# Canikon D9XMk5 for $50! Earn money watching porn! You like!



## Don Simon (Sep 6, 2007)

OK...

There was just a post for 100% hardcore porn. I didn't realise that the hardcore-ness of porn could be assessed as a percentage, but that's another matter... anyway as usual it got deleted fairly quickly, but before it did Hertz made a good point... there was actually nothing for sale, no link or anything... in Mr. Van Rental's words, "Inept spam".

Now obviously I was disappointed to be deprived of the chance to give my credit card details away for 100% hardcore porn (since everyone knows normal porn is only 97.3% hardcore) but it also got me thinking... why is spam so inept these days? Maybe it's just me, but the quality of spam seems to be at an all-time low.

Like the ads for Nike T-shirts and shoes. Last time I checked, this was a photo forum. Go spam a basketball forum. Or just any generic forum where there might be an above-average chance of people being that interested in buying discount Nike shoes and T-shirts. Why here? Why would you waste your own time, never mind ours, registering here for that?

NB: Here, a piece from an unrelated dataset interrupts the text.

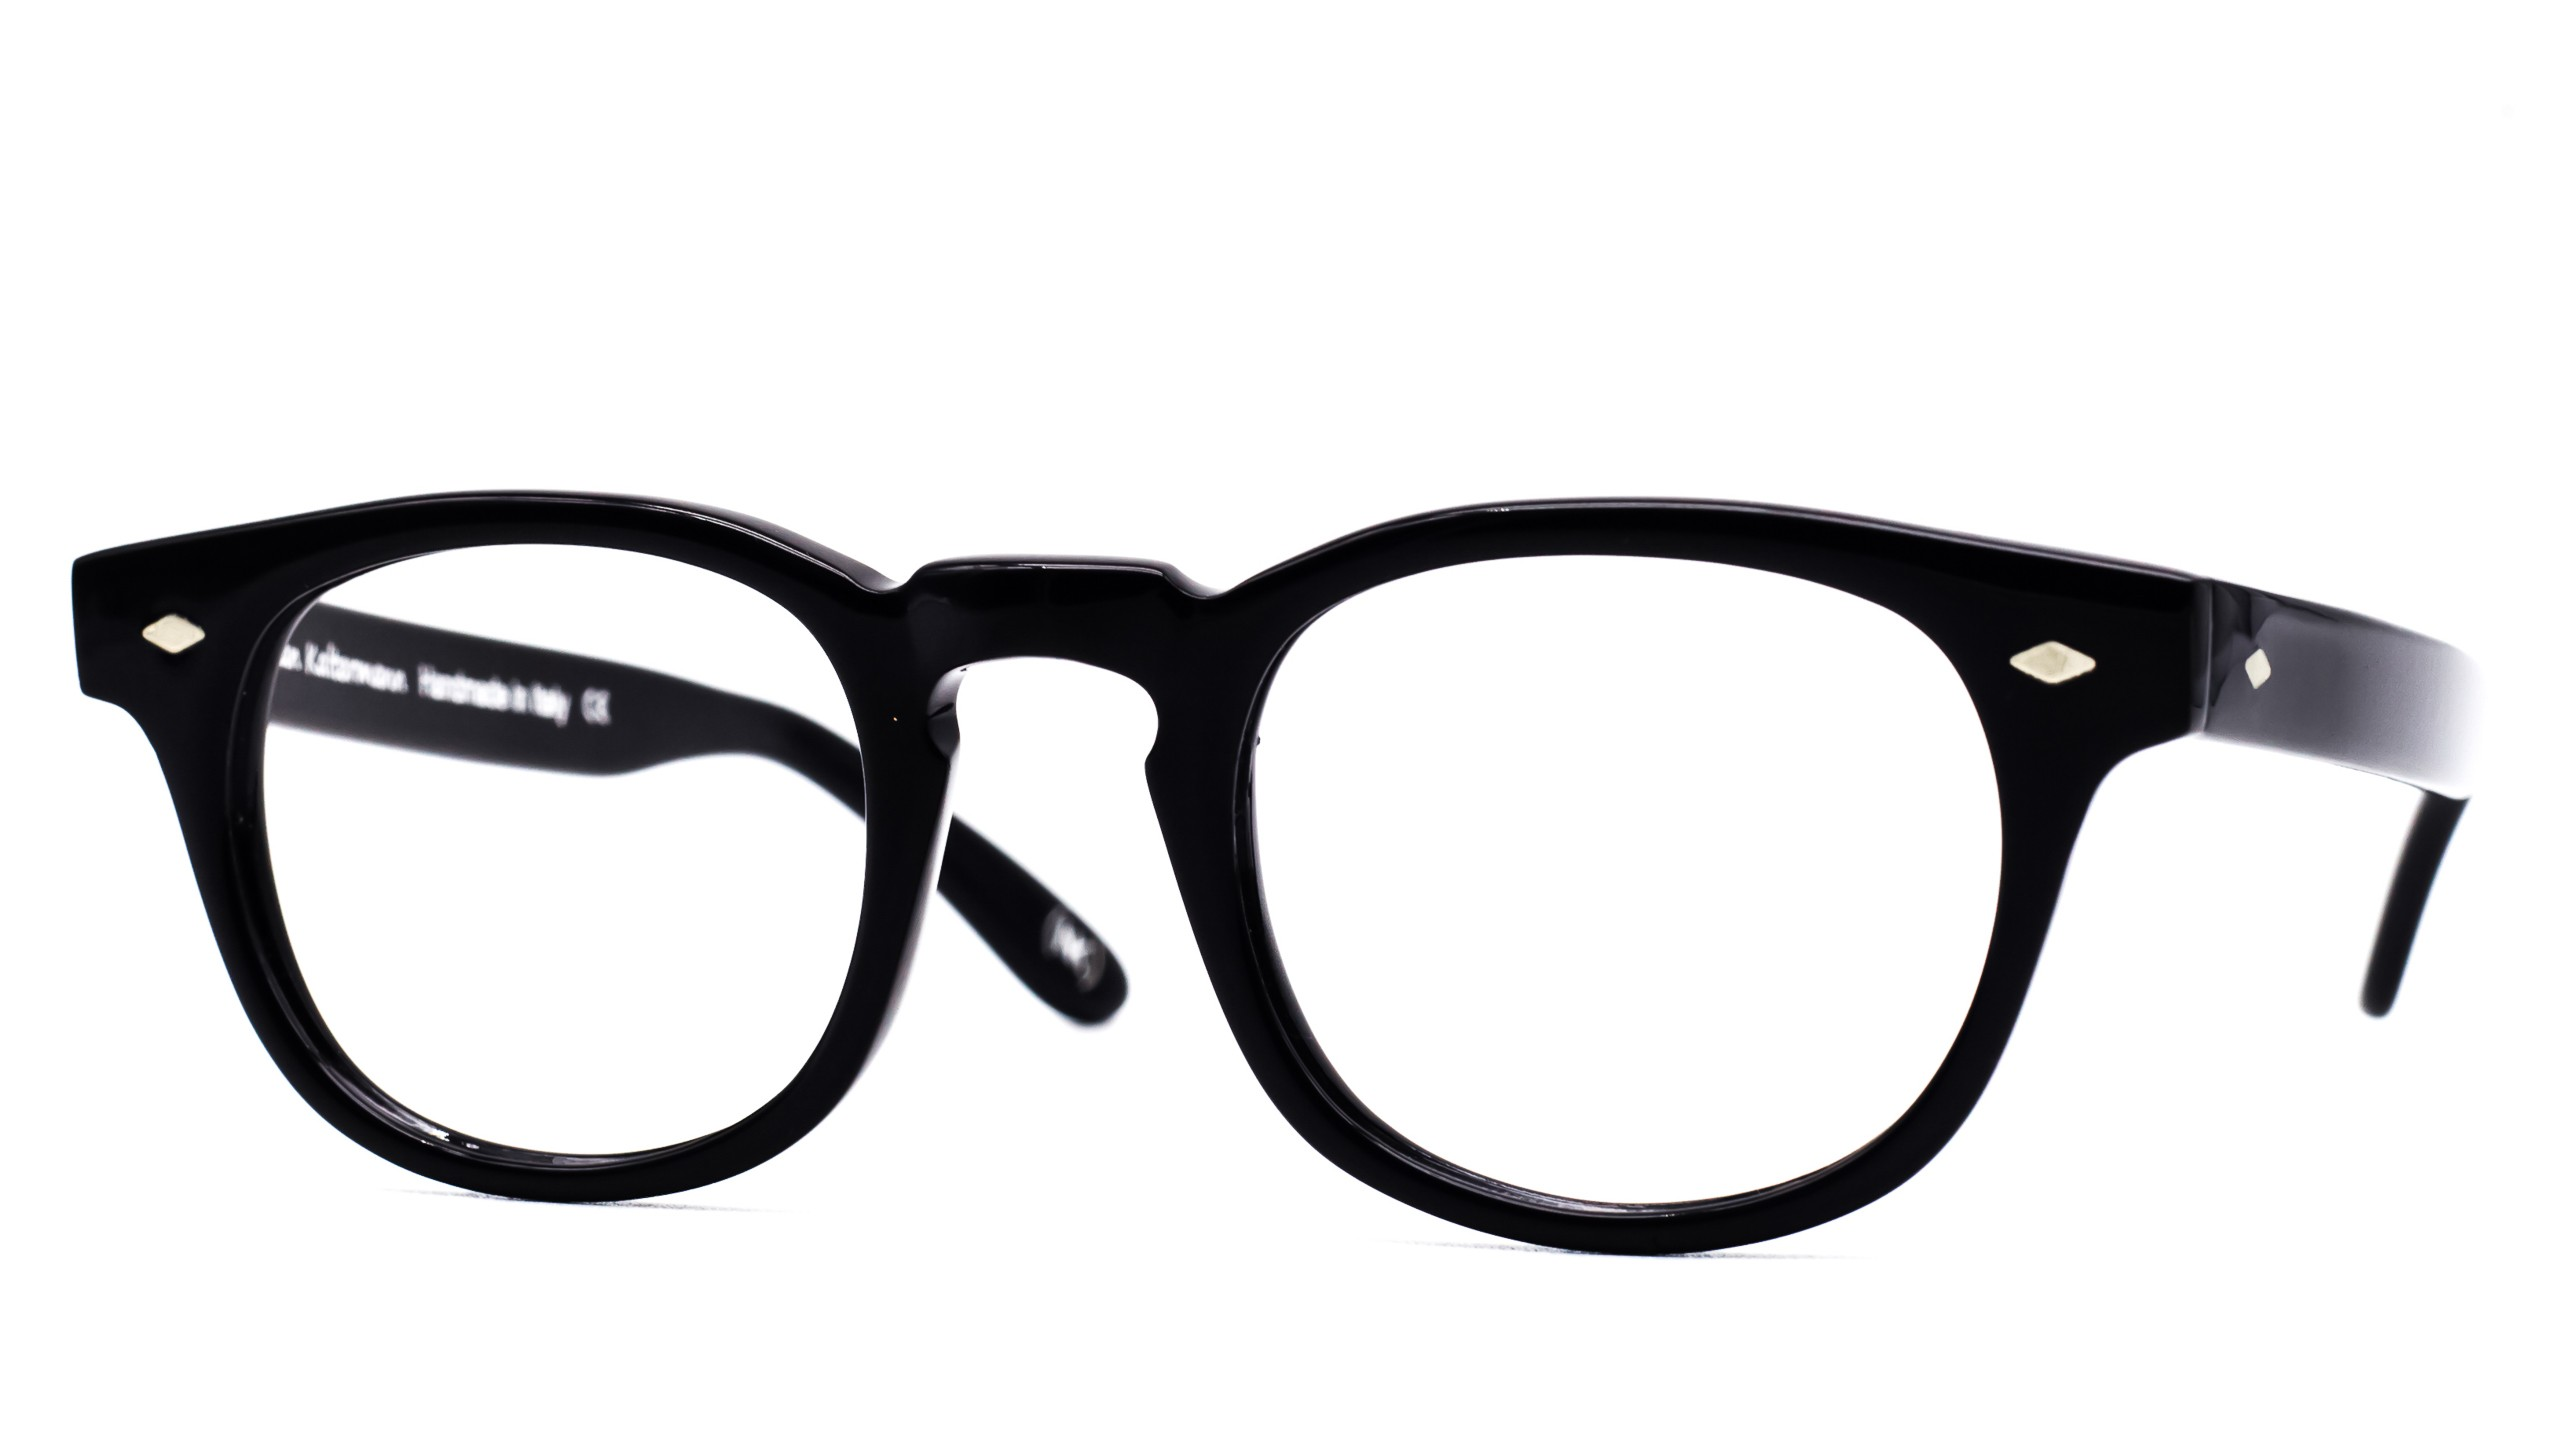 eyeglasses-Nathan-Kaltermann-made-in-Italy-Franz-C01-Vista2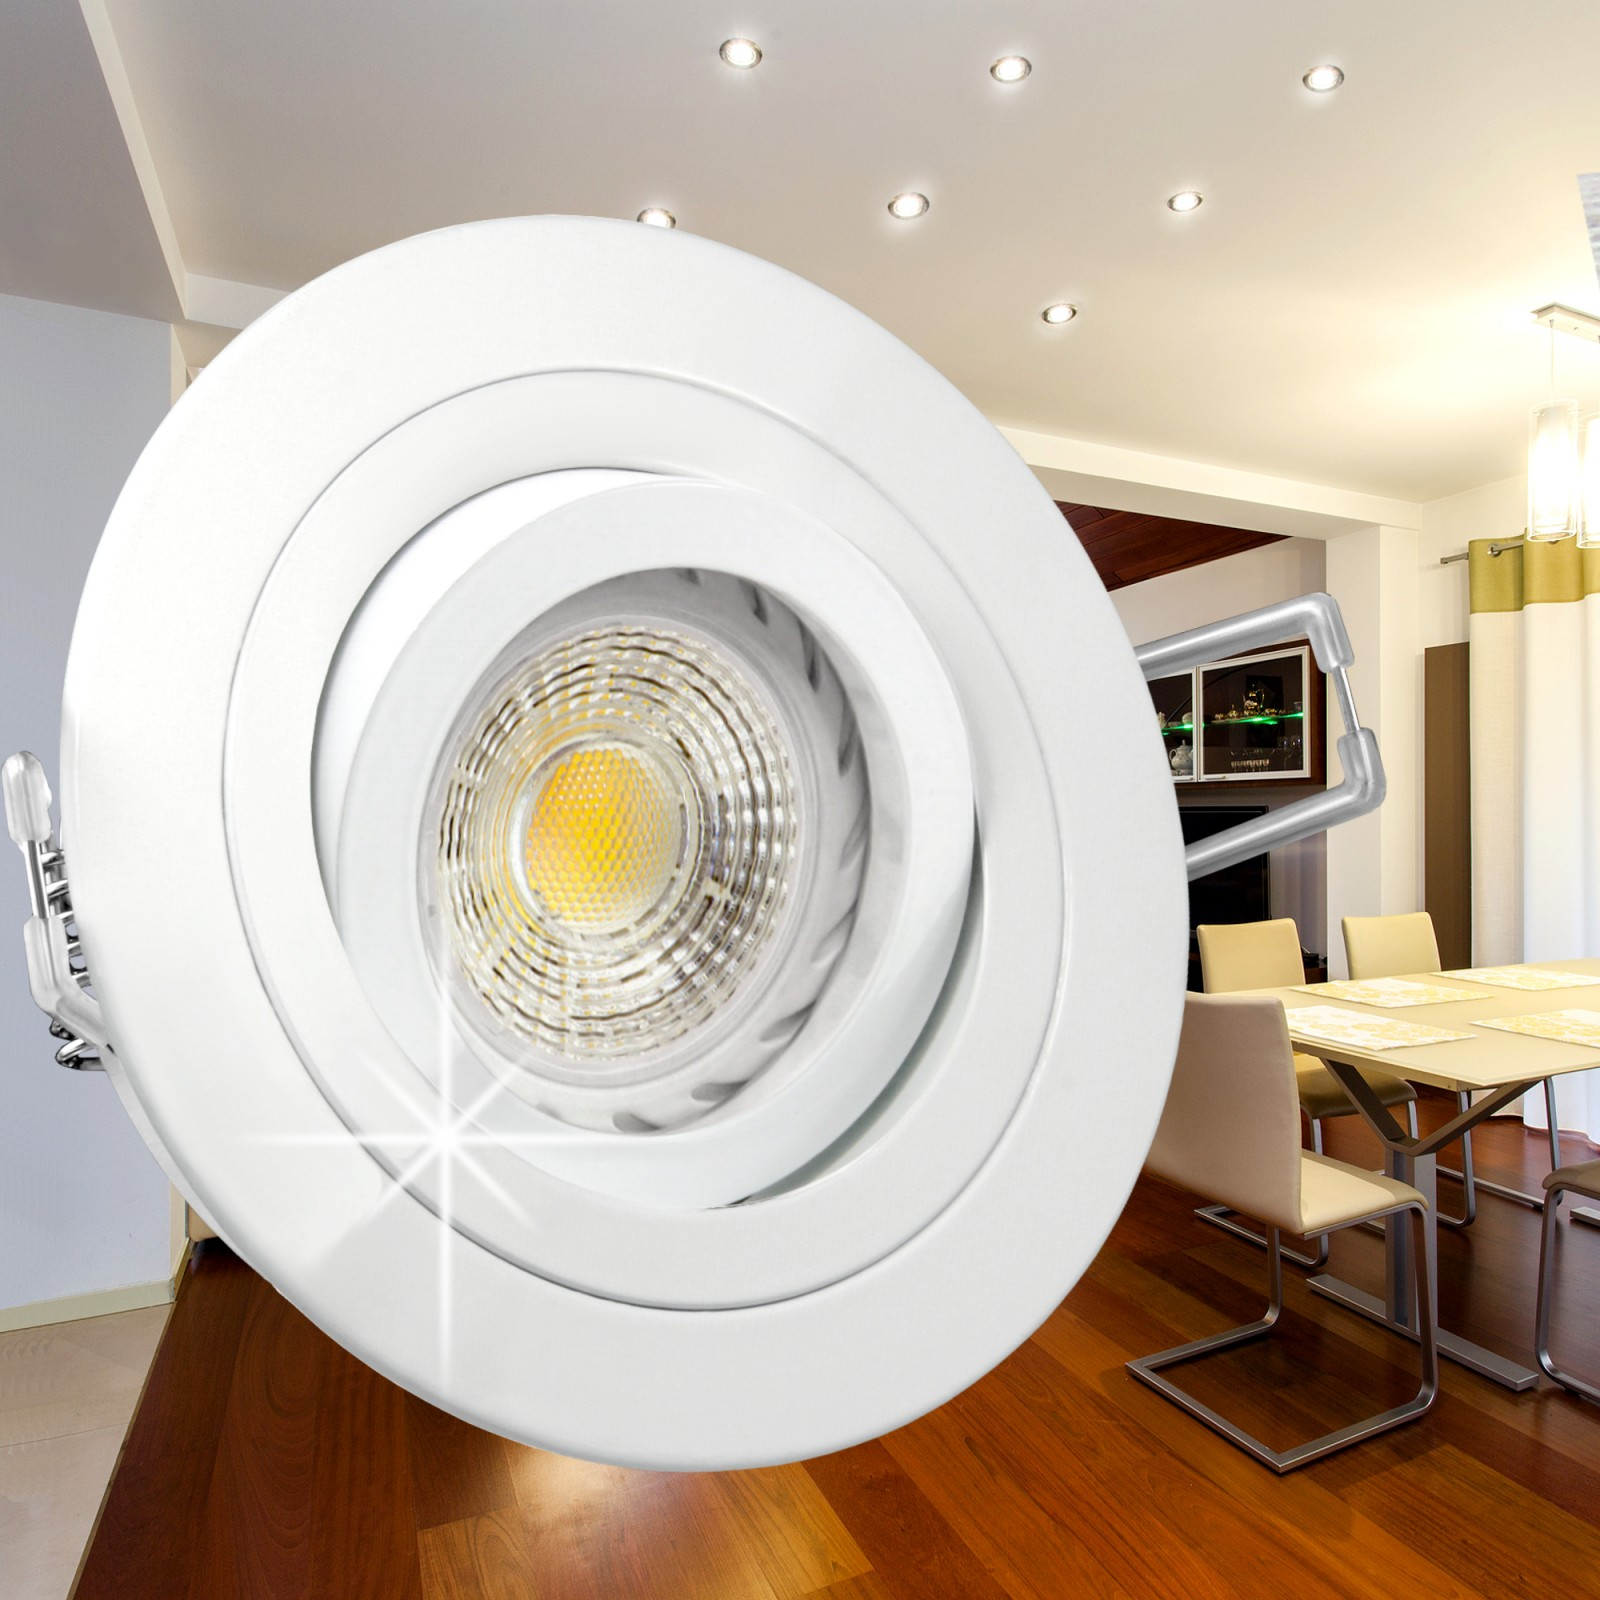 rf 2 led einbauspot strahler wei schwenkbar 3 5w smd led warmweiss gu10 230v ebay. Black Bedroom Furniture Sets. Home Design Ideas

My personal favourites are the ones who want to sell you a bunch of cameras and phones, listed in US$, from a location in England (which now apparently has "Zip codes"... why didn't the Royal Mail tell me?)... strangely enough their addresses seem to be someone else's, and they don't have an email, but it's ok because you can send your details to a dodgy email address.

The spam is getting so pointless and the scams are spectacularly obvious. It's just embarassing now.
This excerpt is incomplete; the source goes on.